• Source data
++++++++++++++++++++

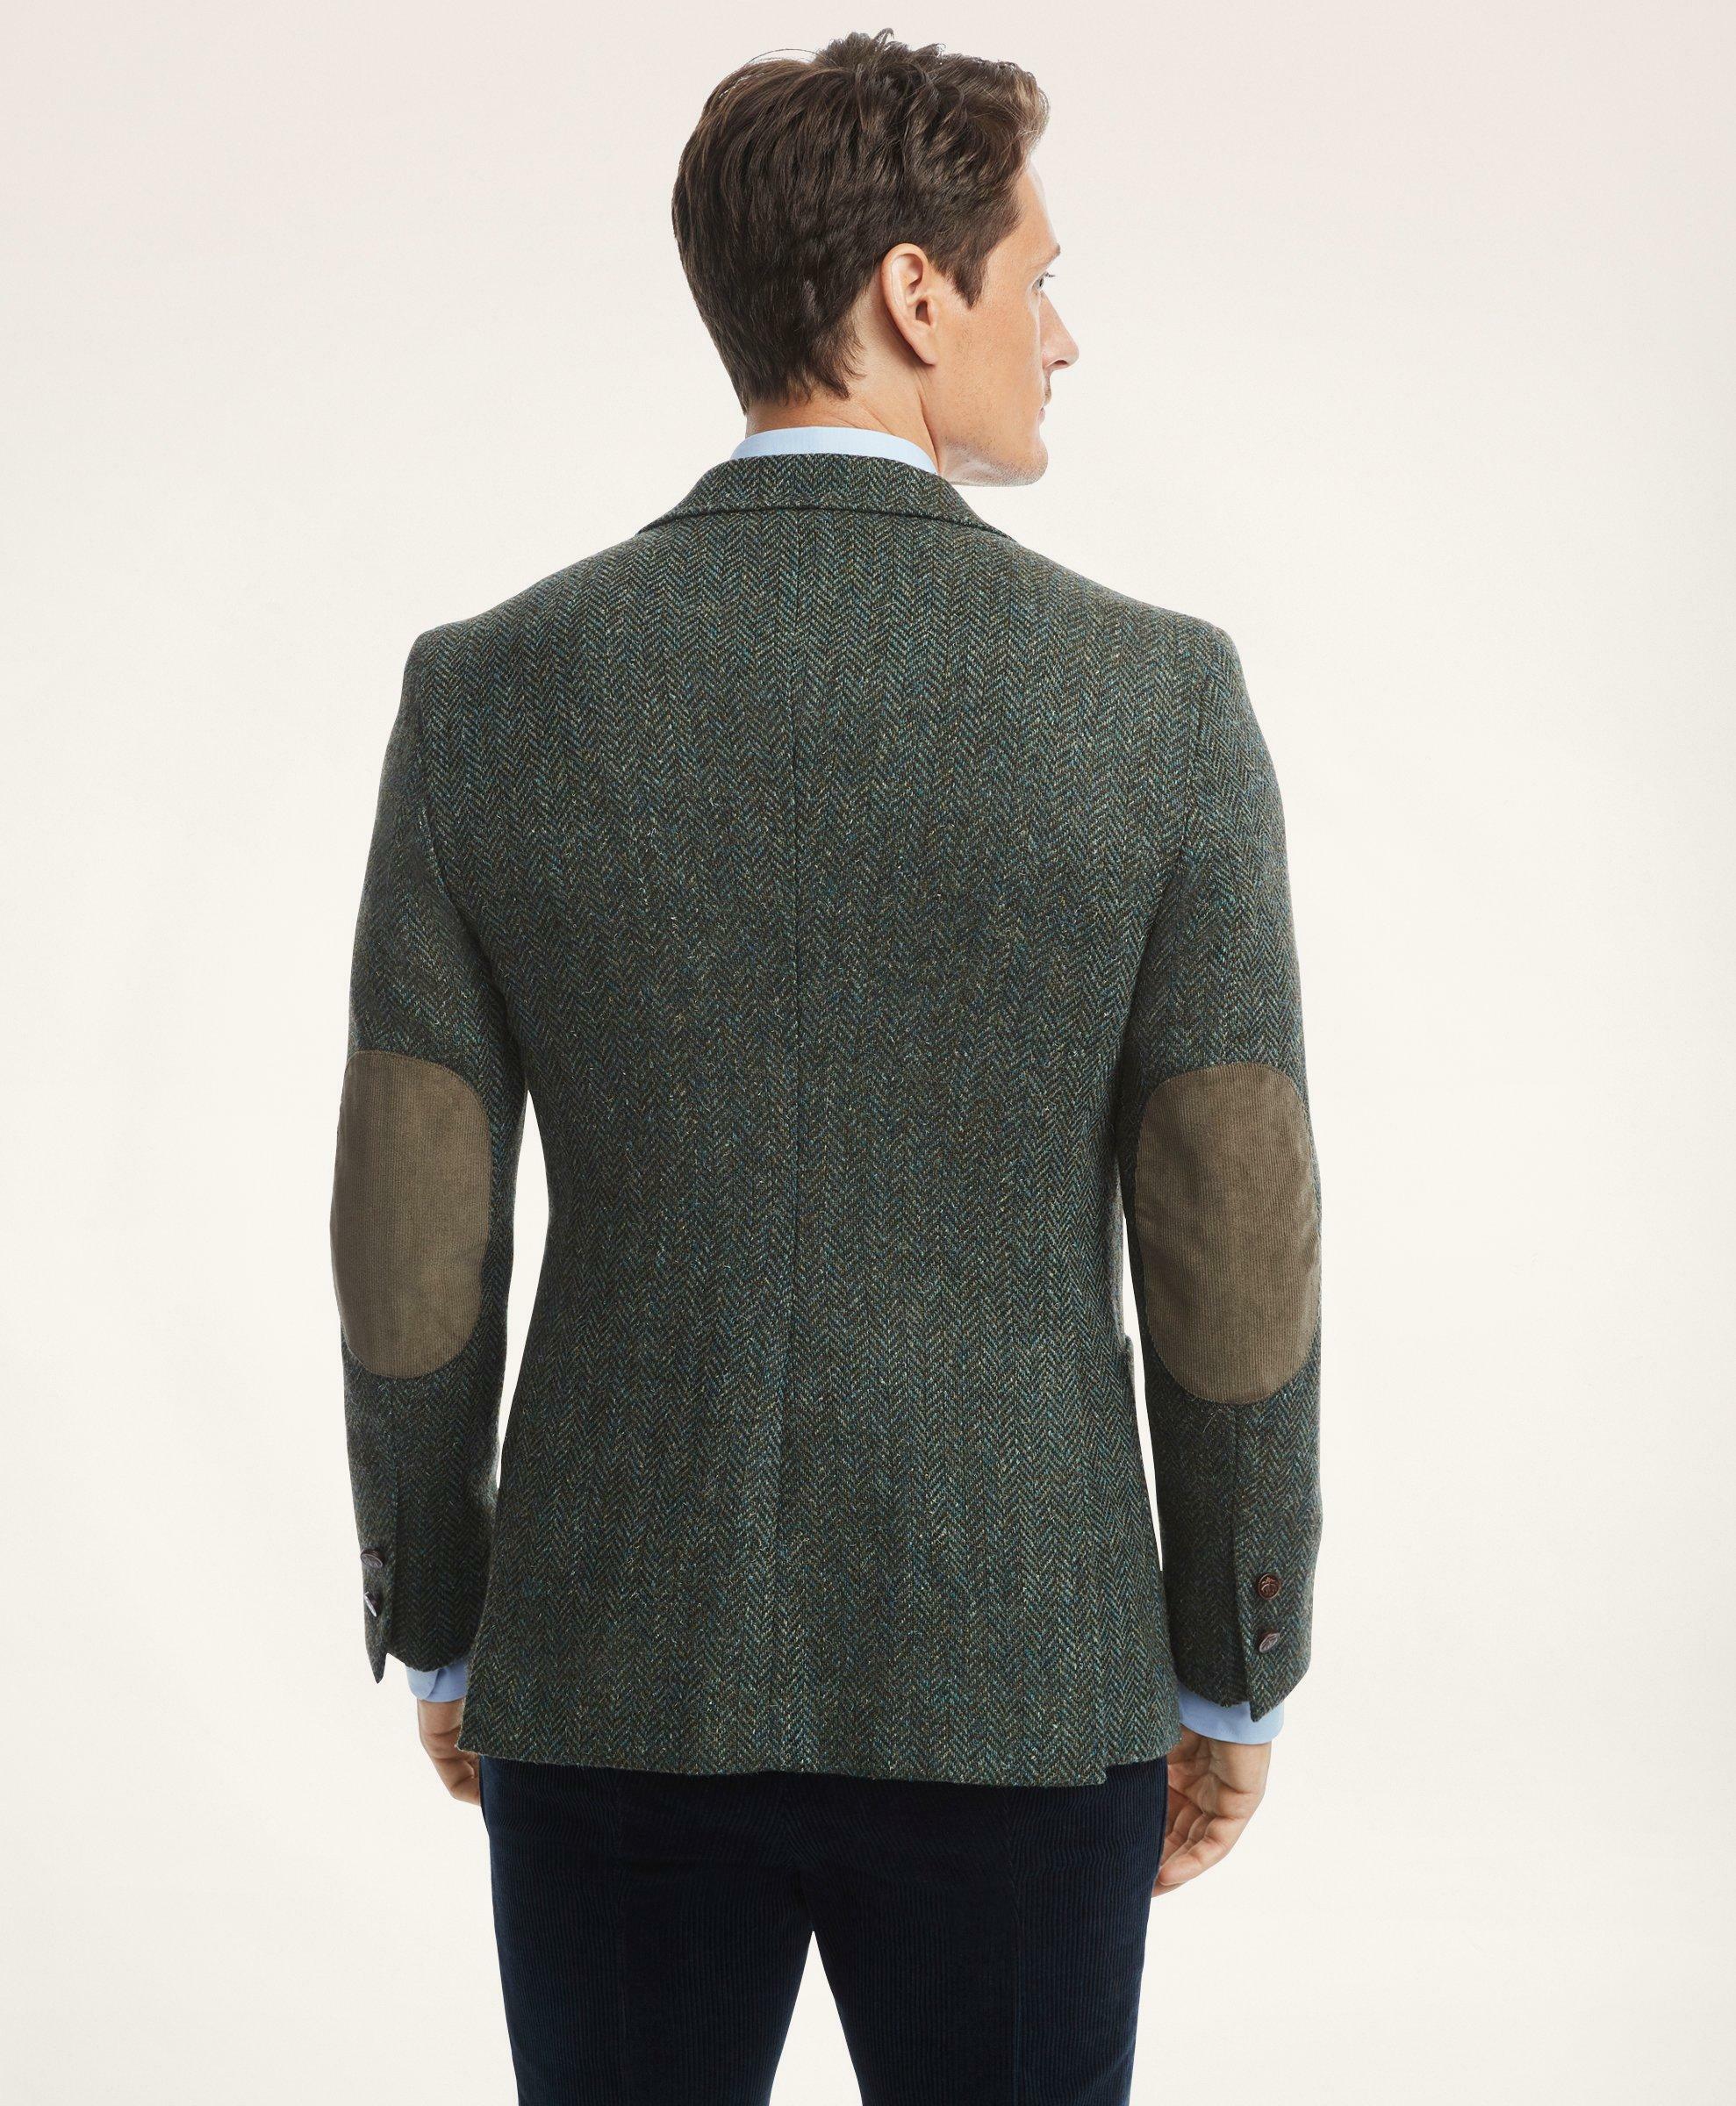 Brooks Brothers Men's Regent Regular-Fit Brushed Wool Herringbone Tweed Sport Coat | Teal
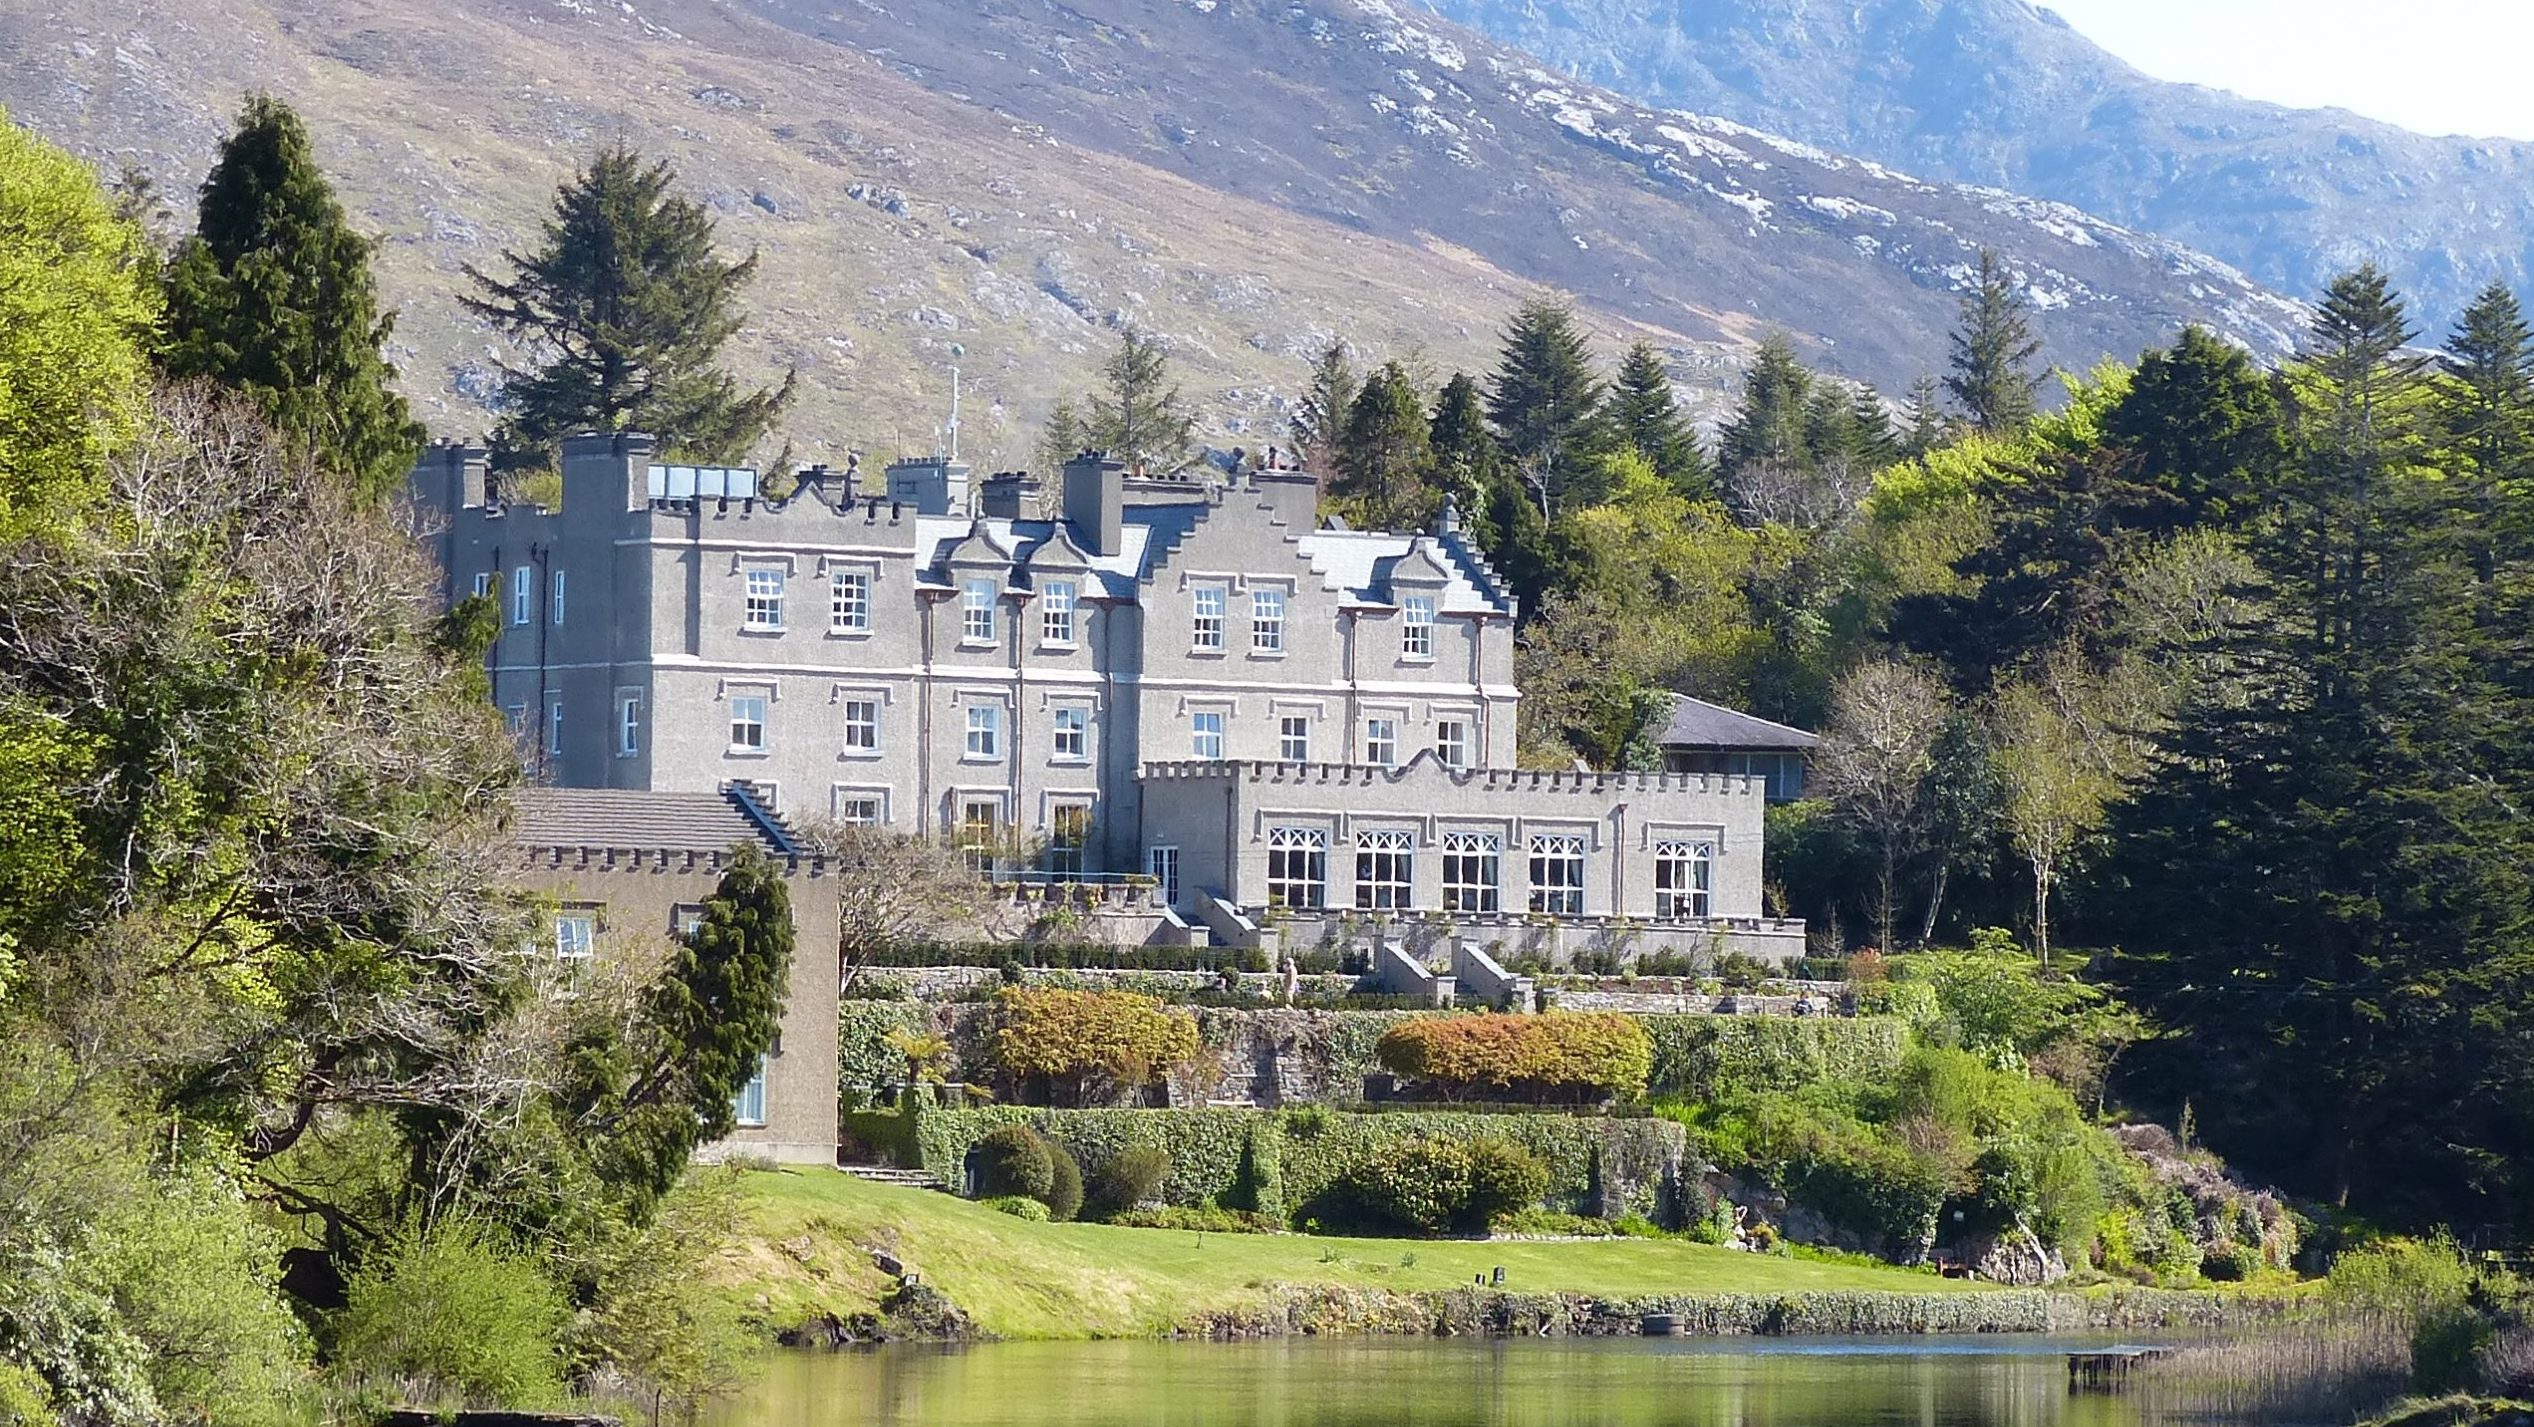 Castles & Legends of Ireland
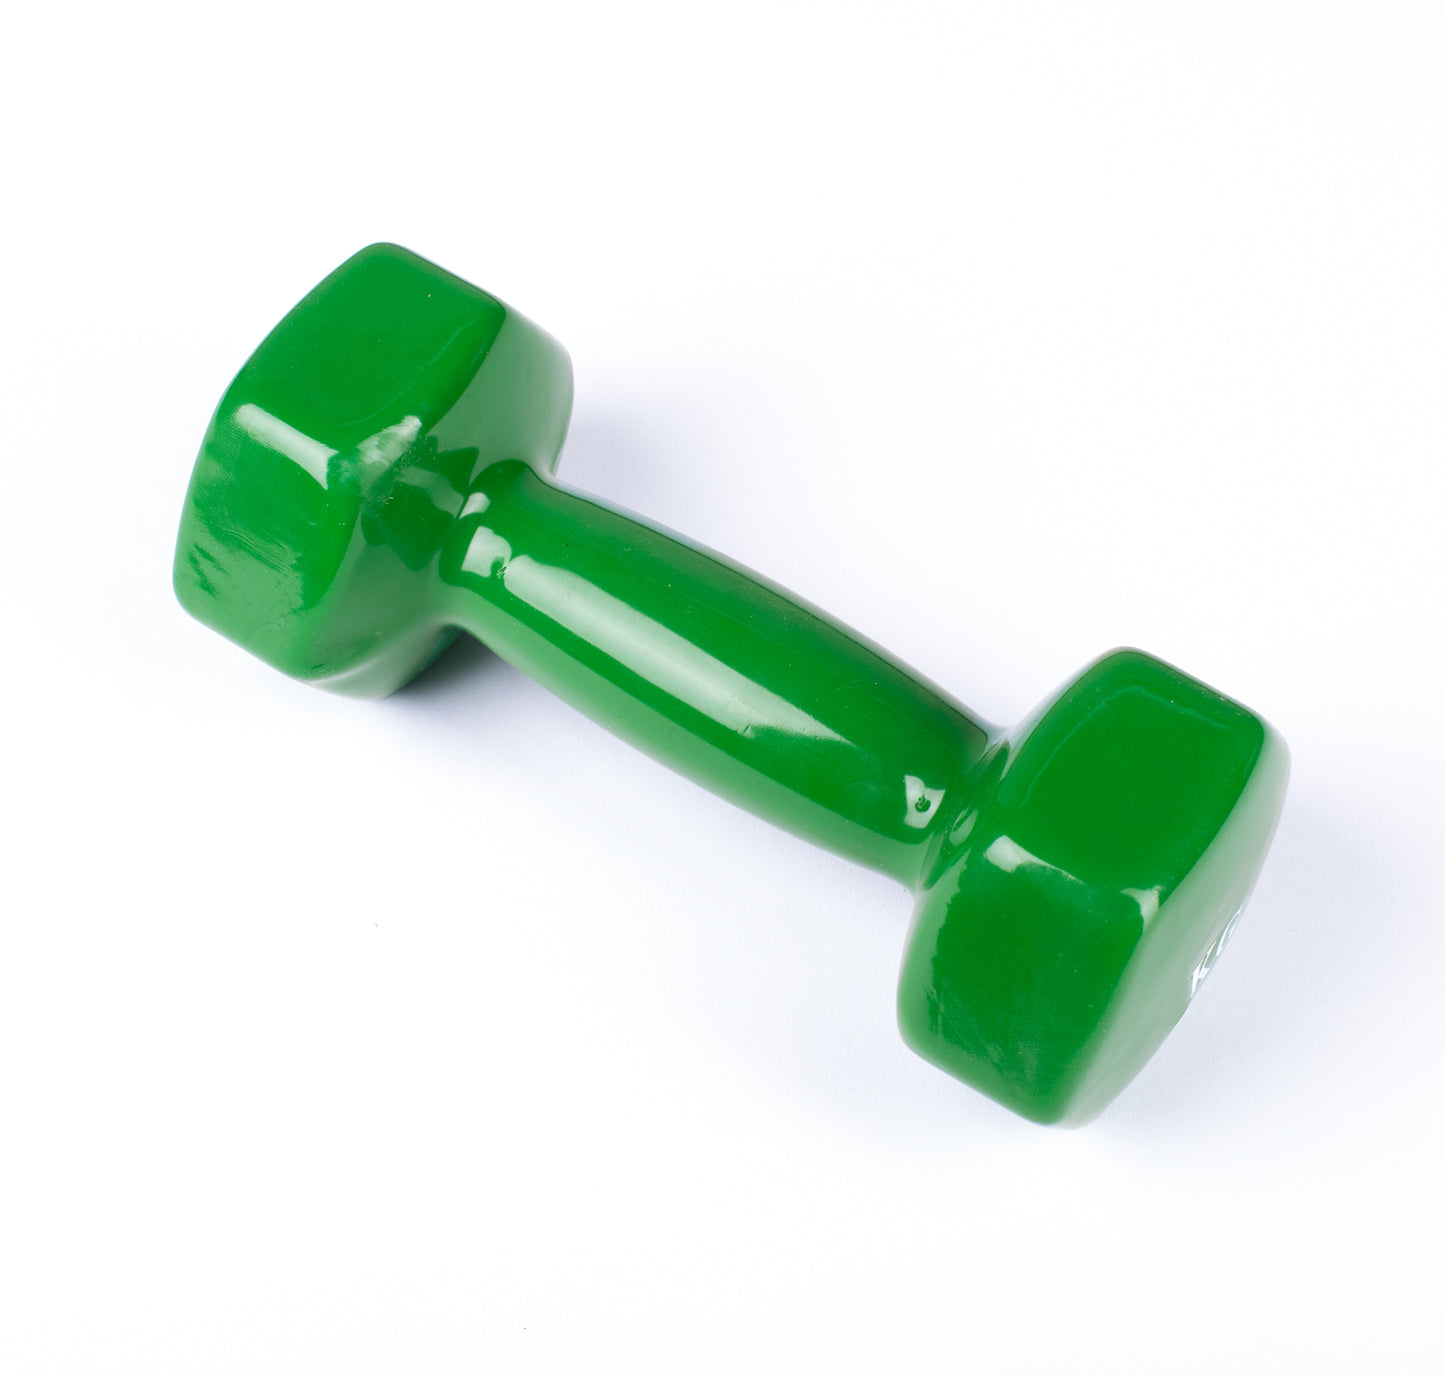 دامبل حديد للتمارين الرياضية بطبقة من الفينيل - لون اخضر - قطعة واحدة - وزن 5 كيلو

++++++++++++++++++++

• Task objective
Each line above should be output exactly, apart from the pictures.

• The answer
 Brooks Brothers Men's Regent Regular-Fit Brushed Wool Herringbone Tweed Sport Coat | Teal
 Castles & Legends of Ireland
 دامبل حديد للتمارين الرياضية بطبقة من الفينيل - لون اخضر - قطعة واحدة - وزن 5 كيلو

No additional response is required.